-----Original Message----- Von: Antti Karttunen [mailto:karttu@megabaud.fi] Gesendet am: 13 December, 2002 15:08 An: njas@research.att.com Cc: Pfoertner, Hugo; seqfan@ext.jussieu.fr; math-fun@mailman.xmission.com Betreff: Re: Lacings continued <sequence definition snipped>

Dear Neil,

Because you have counted 132546 as a solution in A078602, I reckon that

your condition

"and cannot pass though three consecutive and adjacent eyelets that are in a line" means that "cannot pass _in order_ three consecutive and adjacent eyelets on the same side."

If we want to count "real world" lacings things like the "132546" config should be excluded from being counted. I would like another condition that applies to all lacings I have seen:

From each eyelet there is at least one path to the opposite side. This condition should guarantee that there is a closing force on the eylet and not just a force in tangential direction as it is the case with eyelets 3 and 4 in the 1322546 config.

I think here it is a question of simply counting of permutations with some forbidden subsequences. I.e. in the case a(3) = 21, we have permutations of [1..6], but with the first and the last element fixed as 1 and 6, so actually counting the permutations of [2,3,4,5], but discarding the cases where we would have a either an increasing [i,i+1,i+2] or decreasing subsequence [i+2,i+1,i] (where i+2 is either <= n or i > n) e.g. from 4! = 24 permutations of [1,2,3,4,5,6] with 1 and 6 fixed we have to further discard the three cases [1,2,3,4,5,6] (violates the condition on both sides), [1,2,3,5,4,6] (on the left side) and [1,3,2,4,5,6] (on the right side), so we are left with 24-3 = 21 solutions.

Reasoning on these lines should easily (?) lead to a formula for A078602. At least it's now very easy to write a program in a declarative language like Prolog or Haskell to count the solutions.

Then regarding Hugo's point about whether the lace enters each hole (Btw, some of his pictures resemble my son's attempts at this difficult art...) from the outside or inside, doesn't this just add an extra factor of 2^(2n) to the count?

That would be the case, if all combinations were allowed. I want to exclude inside/outside changes if the lace connects two eyeholes on the same side. This complicates things.

Regarding which lace goes underneath or over which other, it seems more complex.

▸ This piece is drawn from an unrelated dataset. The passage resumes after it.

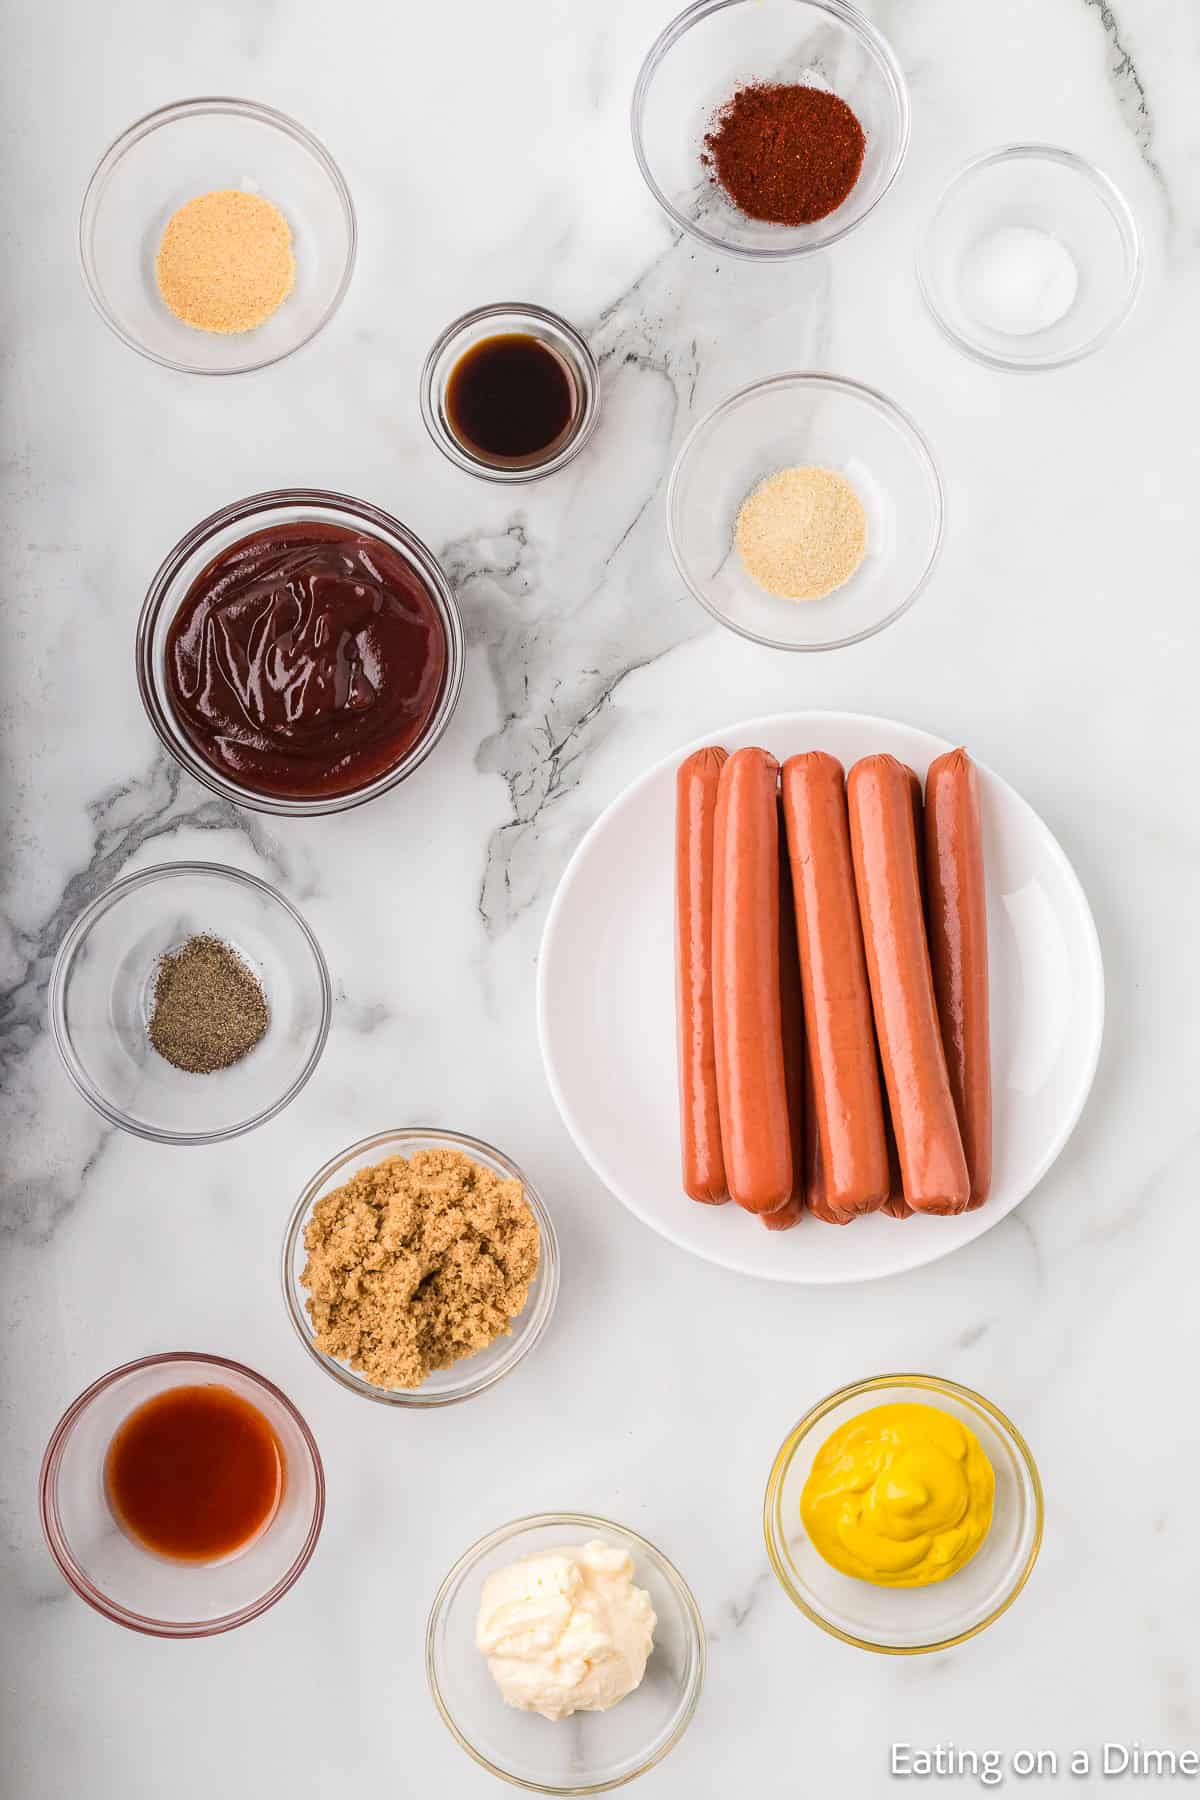 Ingredients - Hot dogs, yellow mustard, mayonnaise, smoked paprika, garlic powder, onion powder, salt, pepper, BBQ sauce, brown sugar, worcestershire sauce, hot sauce
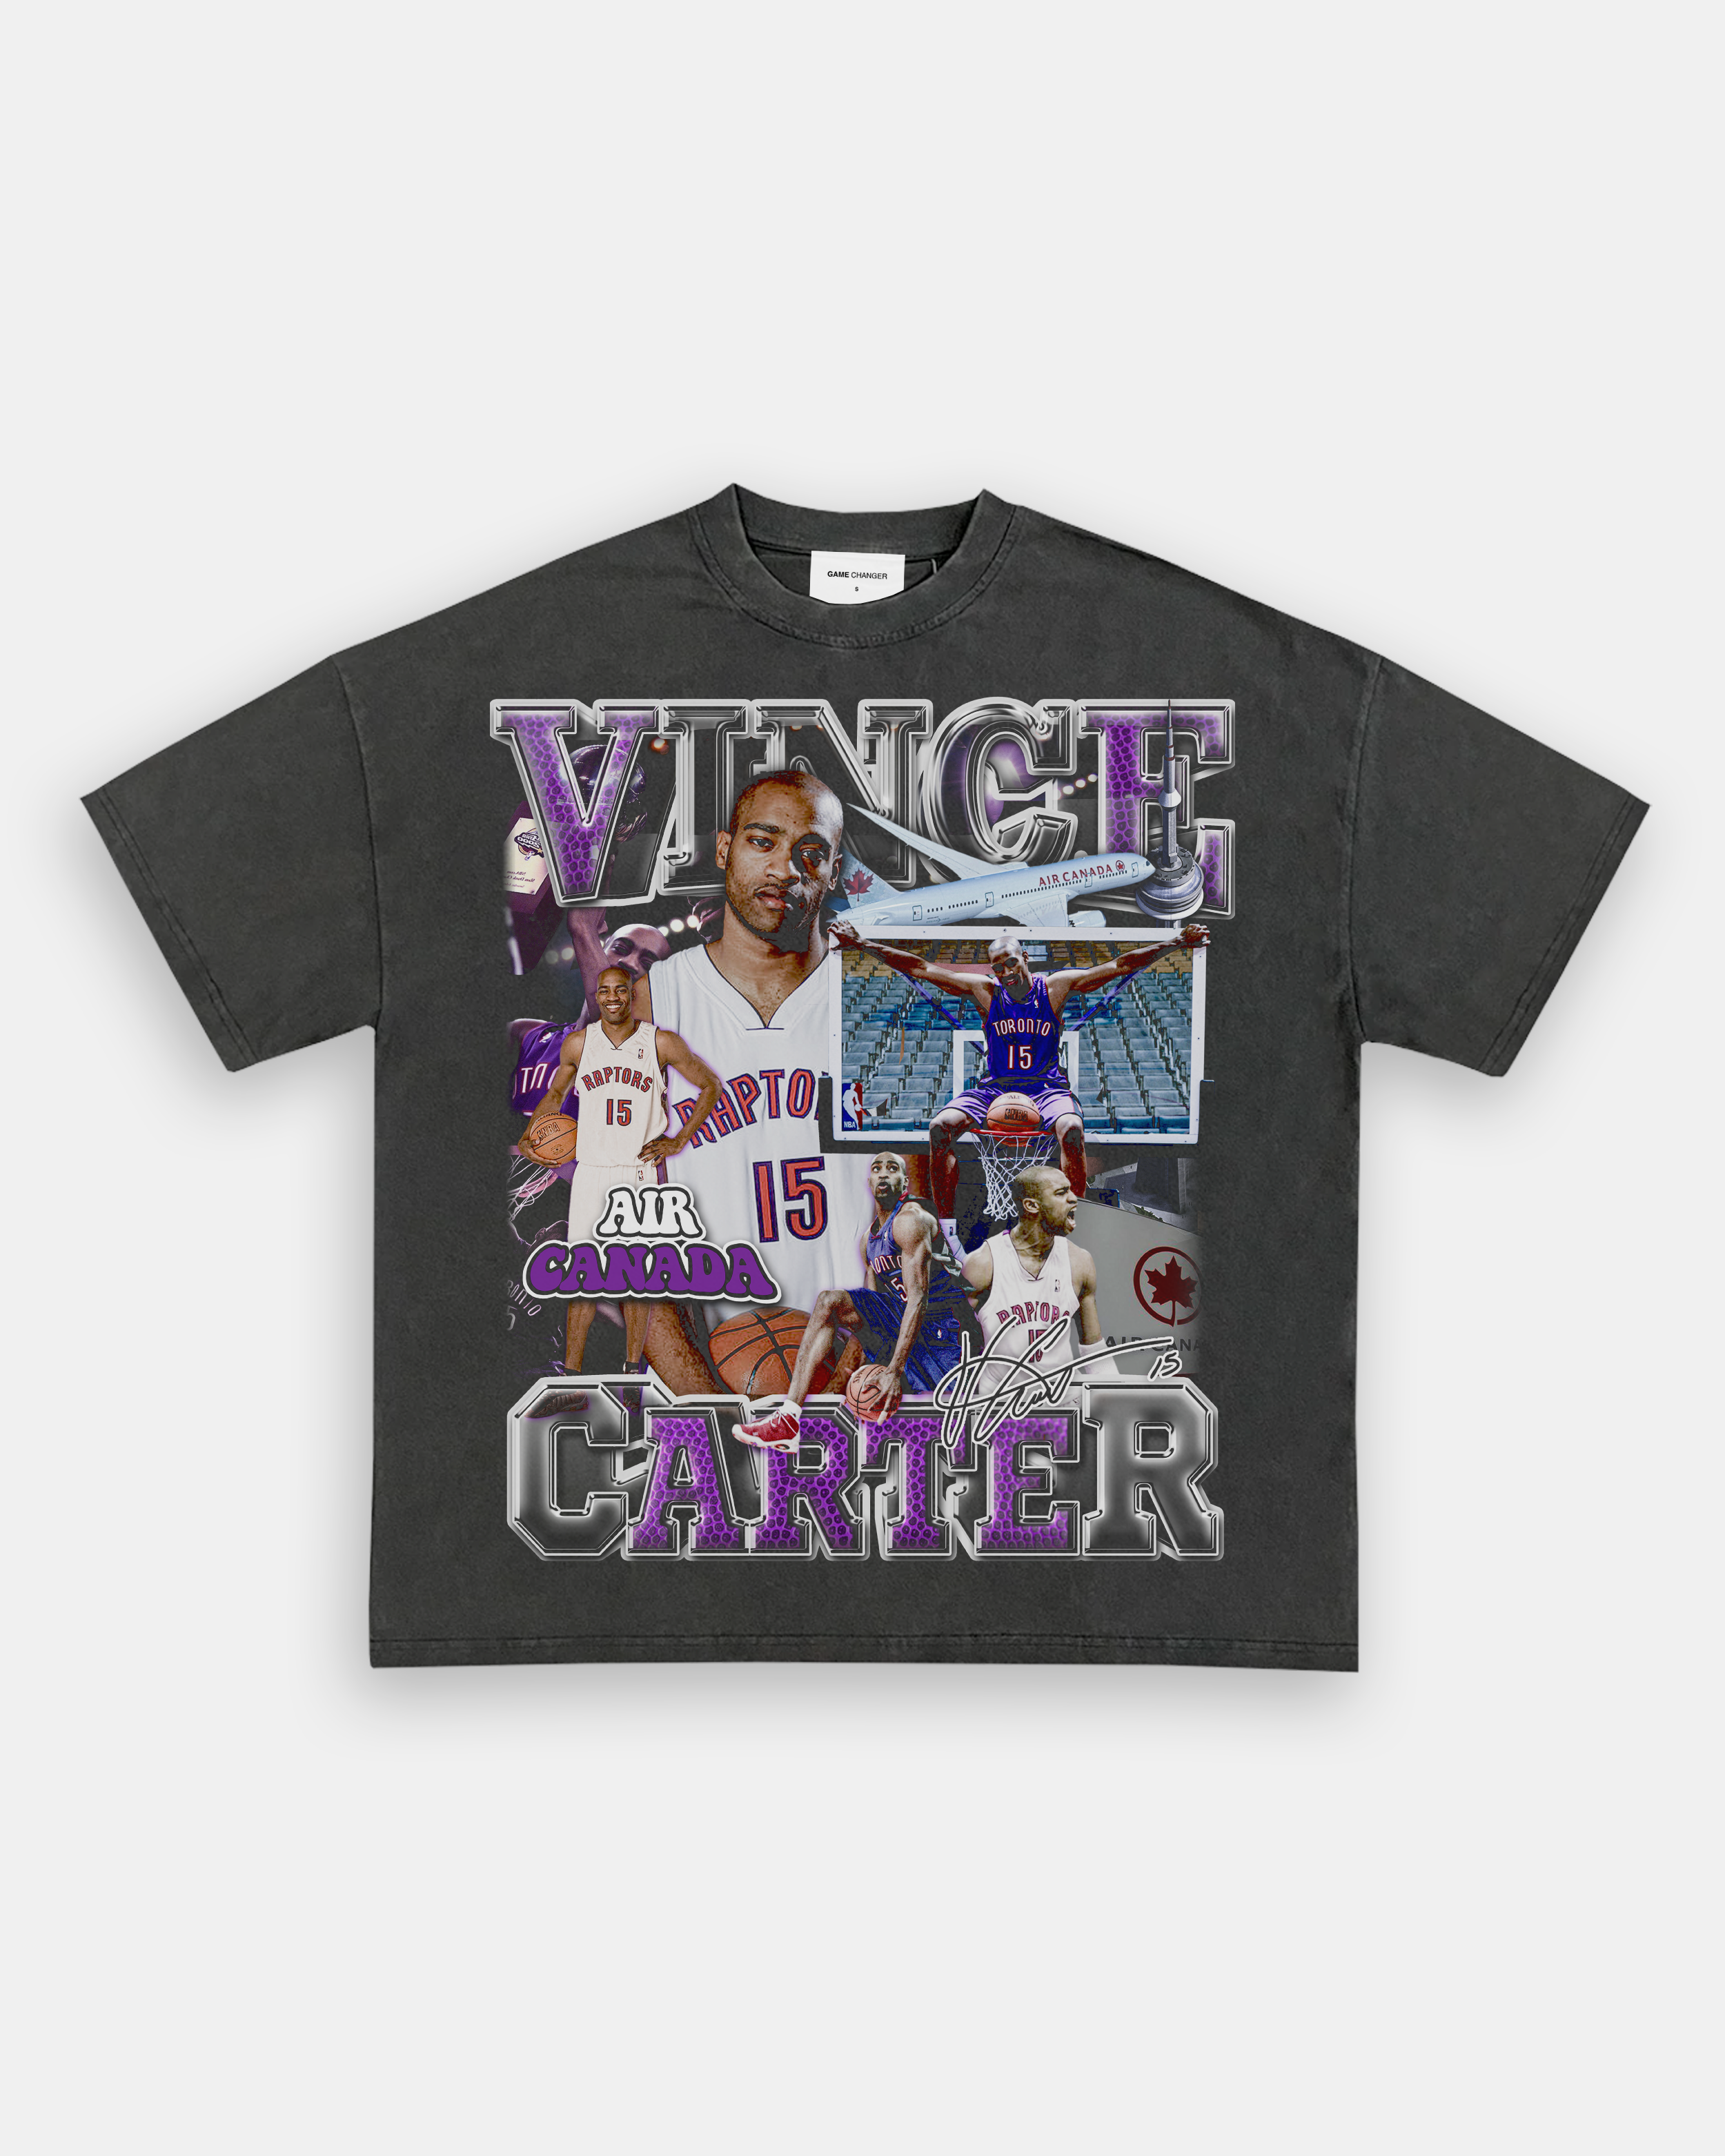 Vince Carter Toronto Raptors NBA Basketball Black T-Shirt S-5XL

I don't know whether thinking in terms of braids actually clarifies or confuses this issue:

http://mathworld.wolfram.com/BraidGroup.html and http://www.brown.edu/Students/OHJC/topology/index.html and http://math.ucr.edu/home/baez/braids.html

(at least one could borrow some notation from there?)

I'll try to learn something from the links.

Terveempänä,

Antti Karttunen

Best Regards, Hugo Pfoertner